Segment Open

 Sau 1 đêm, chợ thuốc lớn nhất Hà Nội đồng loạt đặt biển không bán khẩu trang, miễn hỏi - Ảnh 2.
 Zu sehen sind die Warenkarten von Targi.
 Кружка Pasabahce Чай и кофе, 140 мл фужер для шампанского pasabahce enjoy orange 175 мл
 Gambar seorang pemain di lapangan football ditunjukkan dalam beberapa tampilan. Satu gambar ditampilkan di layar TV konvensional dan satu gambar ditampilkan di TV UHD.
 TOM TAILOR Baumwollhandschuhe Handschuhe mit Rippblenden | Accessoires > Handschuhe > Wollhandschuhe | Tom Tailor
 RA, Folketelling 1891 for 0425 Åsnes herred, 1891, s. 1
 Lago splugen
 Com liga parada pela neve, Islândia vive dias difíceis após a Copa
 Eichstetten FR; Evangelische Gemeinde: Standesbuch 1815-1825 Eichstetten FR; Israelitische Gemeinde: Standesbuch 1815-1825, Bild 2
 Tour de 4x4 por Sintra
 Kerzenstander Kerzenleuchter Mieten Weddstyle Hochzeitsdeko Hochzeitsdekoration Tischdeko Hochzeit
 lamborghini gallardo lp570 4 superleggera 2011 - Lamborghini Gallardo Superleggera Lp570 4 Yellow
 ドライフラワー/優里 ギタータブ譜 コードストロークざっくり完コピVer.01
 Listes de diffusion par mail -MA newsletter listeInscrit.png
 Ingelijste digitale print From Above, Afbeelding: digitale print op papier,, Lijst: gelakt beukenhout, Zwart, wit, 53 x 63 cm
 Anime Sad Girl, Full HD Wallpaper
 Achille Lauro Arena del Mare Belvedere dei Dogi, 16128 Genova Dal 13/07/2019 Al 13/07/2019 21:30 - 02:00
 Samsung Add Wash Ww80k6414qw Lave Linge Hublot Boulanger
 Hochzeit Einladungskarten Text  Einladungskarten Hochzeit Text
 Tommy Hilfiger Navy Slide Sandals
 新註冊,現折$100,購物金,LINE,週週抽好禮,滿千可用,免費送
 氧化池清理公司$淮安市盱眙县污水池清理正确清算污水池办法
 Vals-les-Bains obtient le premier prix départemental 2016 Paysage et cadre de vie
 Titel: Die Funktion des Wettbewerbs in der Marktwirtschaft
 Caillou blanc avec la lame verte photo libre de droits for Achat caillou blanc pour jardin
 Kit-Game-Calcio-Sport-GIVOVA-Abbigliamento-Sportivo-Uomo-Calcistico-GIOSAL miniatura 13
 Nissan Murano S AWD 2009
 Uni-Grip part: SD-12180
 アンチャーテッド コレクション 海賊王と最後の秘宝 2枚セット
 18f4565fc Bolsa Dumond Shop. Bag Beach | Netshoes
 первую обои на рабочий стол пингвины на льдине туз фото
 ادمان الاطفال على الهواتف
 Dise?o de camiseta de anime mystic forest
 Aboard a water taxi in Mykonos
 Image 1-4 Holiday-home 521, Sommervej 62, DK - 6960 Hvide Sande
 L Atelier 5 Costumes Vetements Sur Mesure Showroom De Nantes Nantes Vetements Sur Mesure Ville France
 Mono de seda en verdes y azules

Segment Closed

Lines that include the word "Hochzeit" are to be extracted from the data above.

 Kerzenstander Kerzenleuchter Mieten Weddstyle Hochzeitsdeko Hochzeitsdekoration Tischdeko Hochzeit
 Hochzeit Einladungskarten Text  Einladungskarten Hochzeit Text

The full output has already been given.